For every model, the dataset has been divided into a training set (80% of observations) to train the models and a test set (20%) to obtain the predictions. In the next subsections, the two interpretable algorithms will be described, by focusing on the main characteristics.

Furthermore, while our paper effectively delineates the utility of XAI in smart agricultural practices, it is imperative to scrutinize and acknowledge the inherent constraints that may impede its implementation and efficacy in practical settings.

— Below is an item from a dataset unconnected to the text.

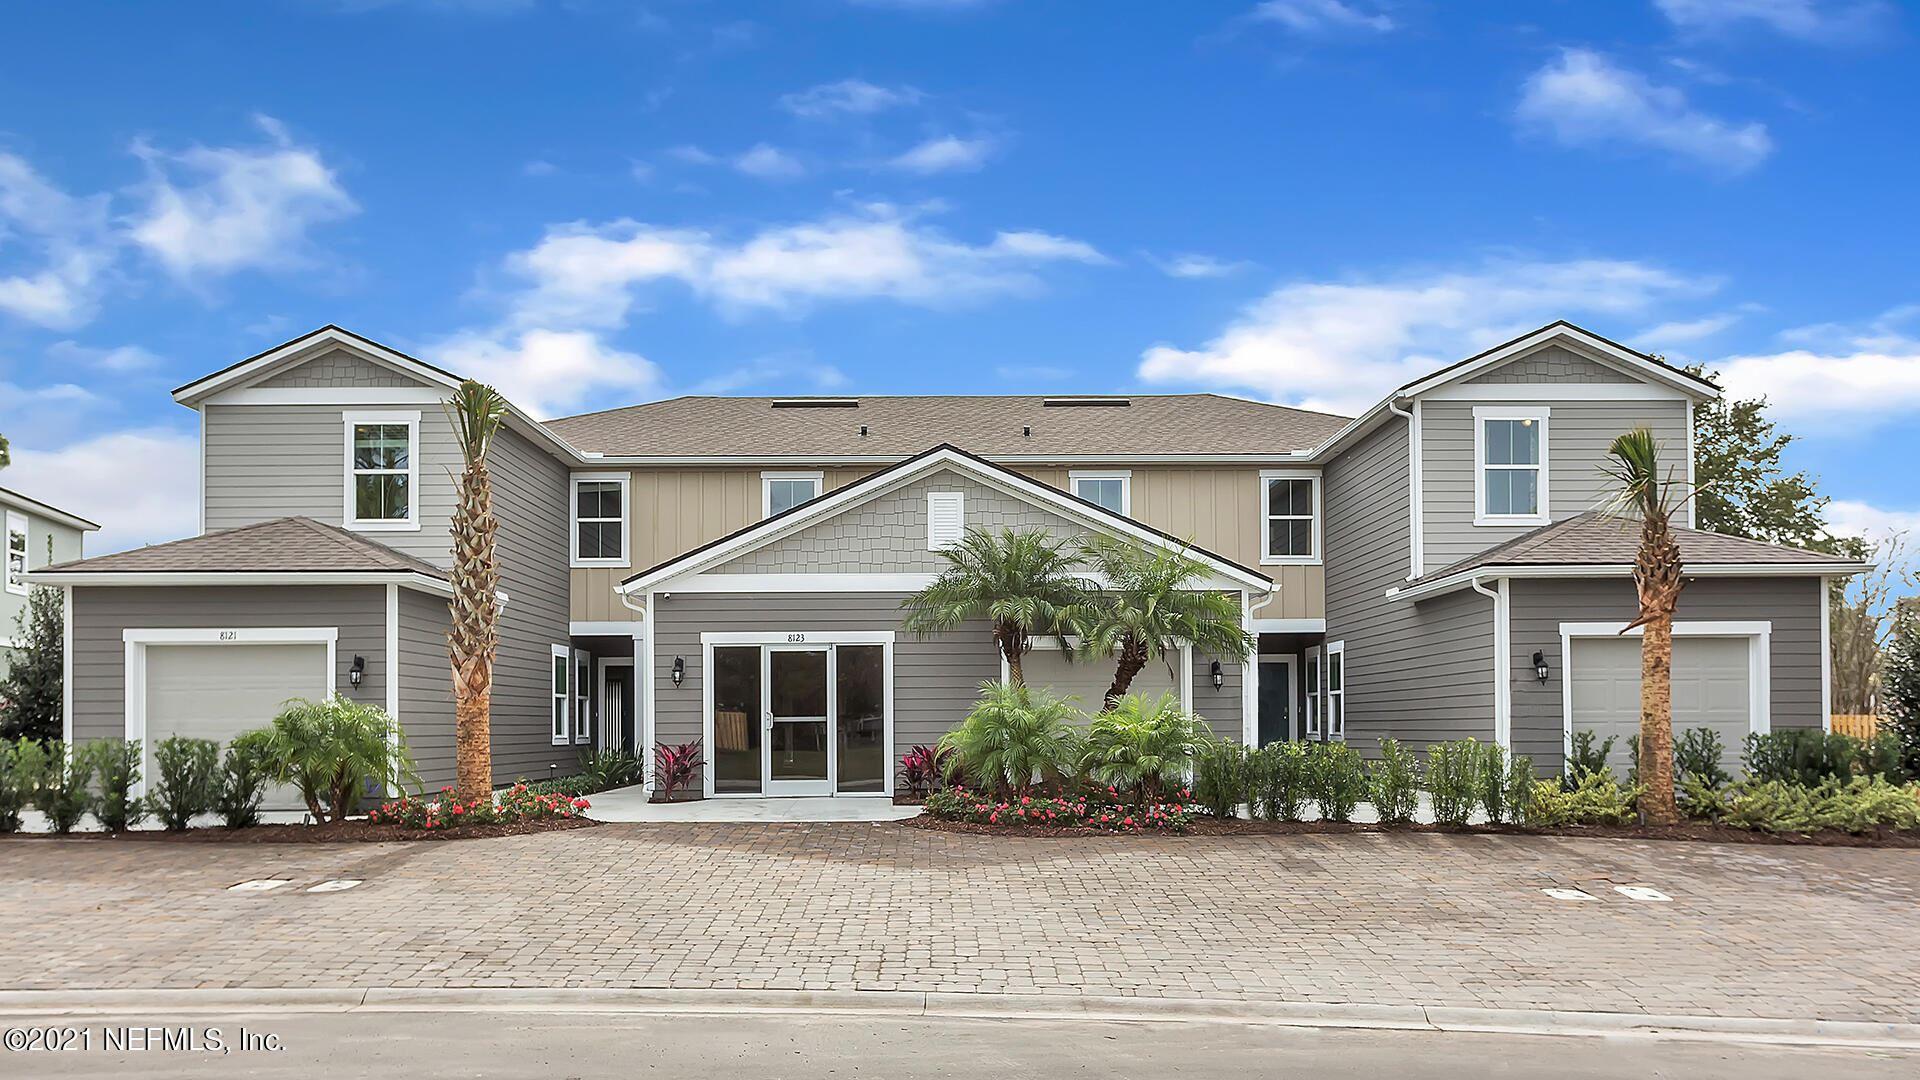 9616 BAYLIN CT #Lot No: 174, Jacksonville, FL 32256 - MLS#: 1099906

  • Implementation Challenges in Real-World Agricultural Settings: The integration of XAI techniques into actual agricultural operations faces practical challenges. The complexity of agricultural environments, variations in soil types, climate conditions, and crop varieties can pose hurdles in deploying XAI models effectively. Furthermore, the requirement for specialized sensors, infrastructure, and the need for high-quality data acquisition systems may be financially burdensome for smaller or resource-constrained agricultural setups. Addressing these challenges demands not only technological advancements but also infrastructural support and financial investments, which might not be feasible for all stakeholders.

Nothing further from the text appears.